Die repräsentativen Ergebnisse, die in diesem Manuskript vorgestellt werden, wurden aus den vorangegangenen [89Zr]Zr-DBN-Synthese- und Zellradiomarkierungsstudienzusammengestellt 18,19,22,23,24,25. Kurz gesagt, 89Zr können erfolgreich mit DFO-Bn-NCS in ~30-60 min bei 25-37 °C unter Verwendung von 7,5-15 μg DFO-Bn-NCS komplexiert werden (Tabelle 2). Die Effizienz der radioaktiven Markierung der Zellen variiert zwischen 20 und 50 % als unkorrigierte Ausbeute, die im radioaktiv markierten Zellpellet nach dem Waschen beobachtet wird (Tabelle 1). 18,19,22,23,24,25 (Tabelle 1).

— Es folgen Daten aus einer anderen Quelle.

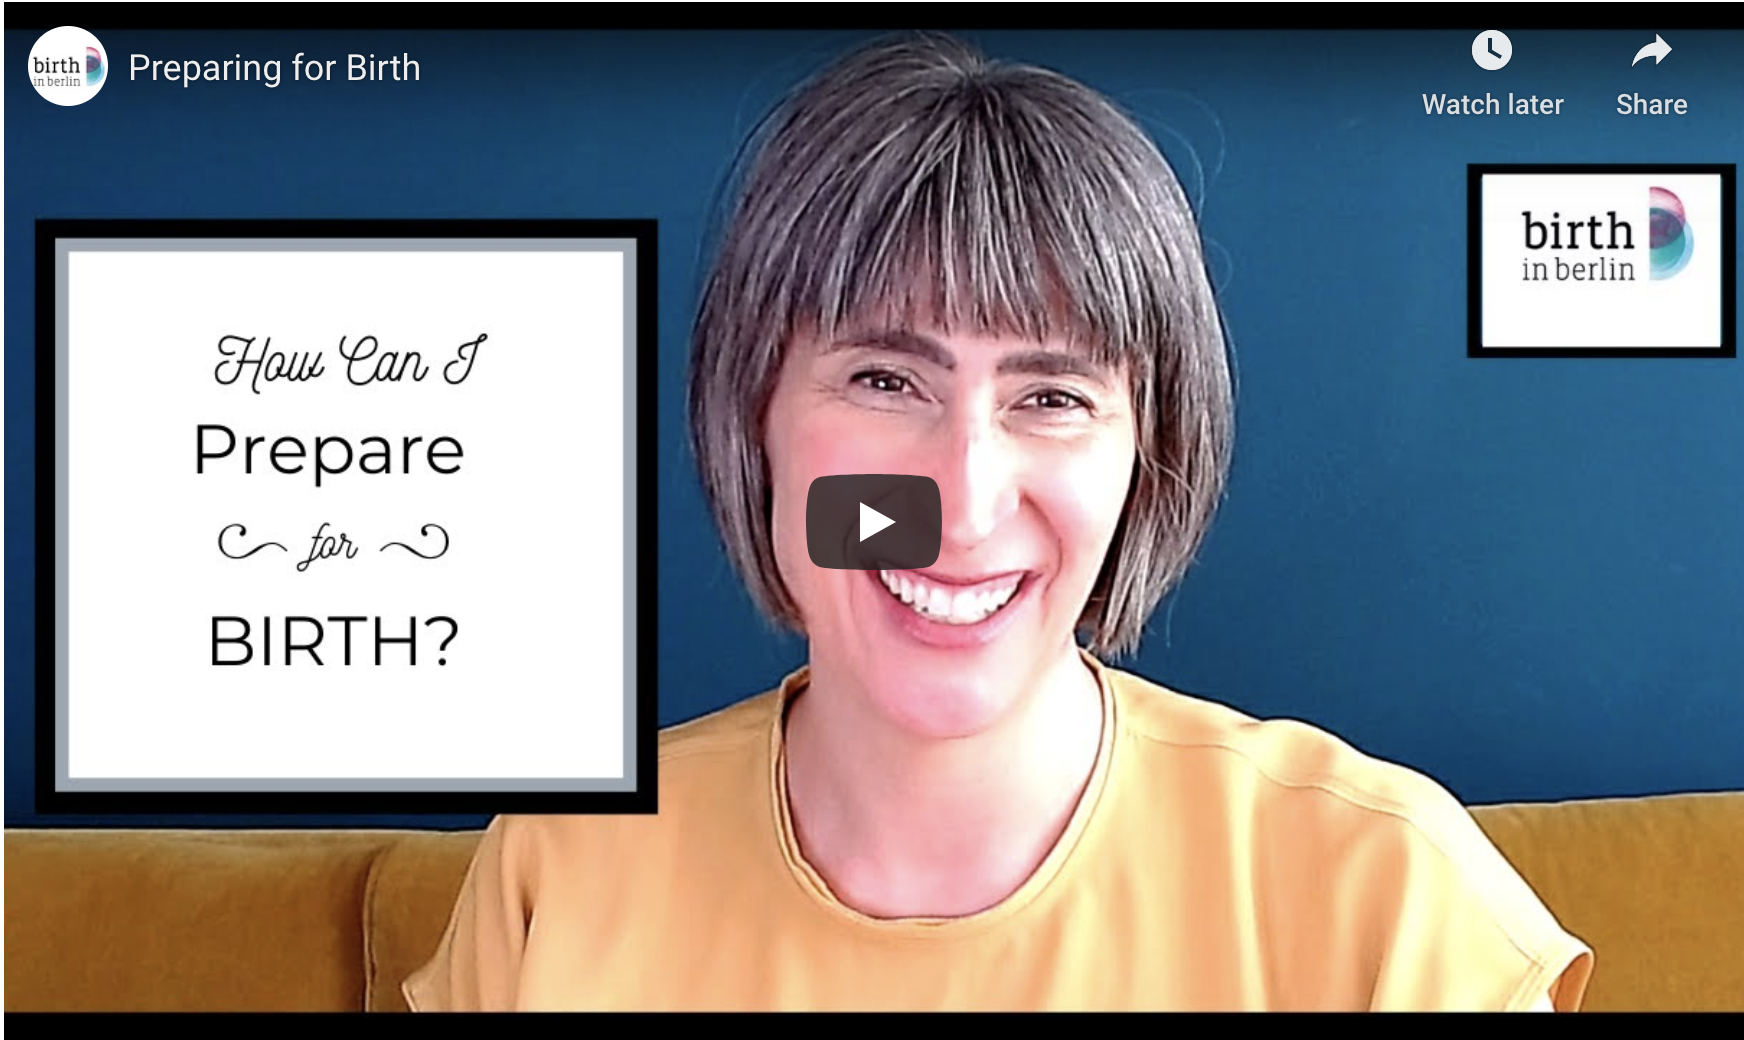 How Can I Prepare Birth?

Insgesamt wurden folgende Radioaktivitätskonzentrationen erreicht: 0,1 MBq/10 6 Zellen für Hepatozyten 22,24, 0,50 ± 0,10 MBq/10 6 für Melanomzellen (mMCs)18, 0,47 ± 0,10 MBq/10 6 für humane mesenchymale Stammzellen (hMSCs)18, 0,39 ± 0,20 MBq/10 6 für dendritische Zellen (mDCs)18, 0,27± 0,30 MBq/10 6 für weiße Blutkörperchen 25, und 0,70 ± 0,20 MBq/106 für kardiopoetische Stammzellen19 (Tabelle 1) . Im Gegensatz dazu wurde keine Zellmarkierung mit [89 Zr]Zr(HPO 4)2 oder [89Zr]ZrCl 425 beobachtet. Wie bereits gezeigt, erwiesen sich radioaktive Markierungen in mMCs, hMSCs und mDCs als stabil, wobei nur ein vernachlässigbarer Prozentsatz des Ausflusses über 7 Tage nach der Markierung beobachtet wurde (Abbildung 6)18. Bei kardiopoetischen Stammzellen wurde über 2 Tage nach der Markierung kein Efflux beobachtet19.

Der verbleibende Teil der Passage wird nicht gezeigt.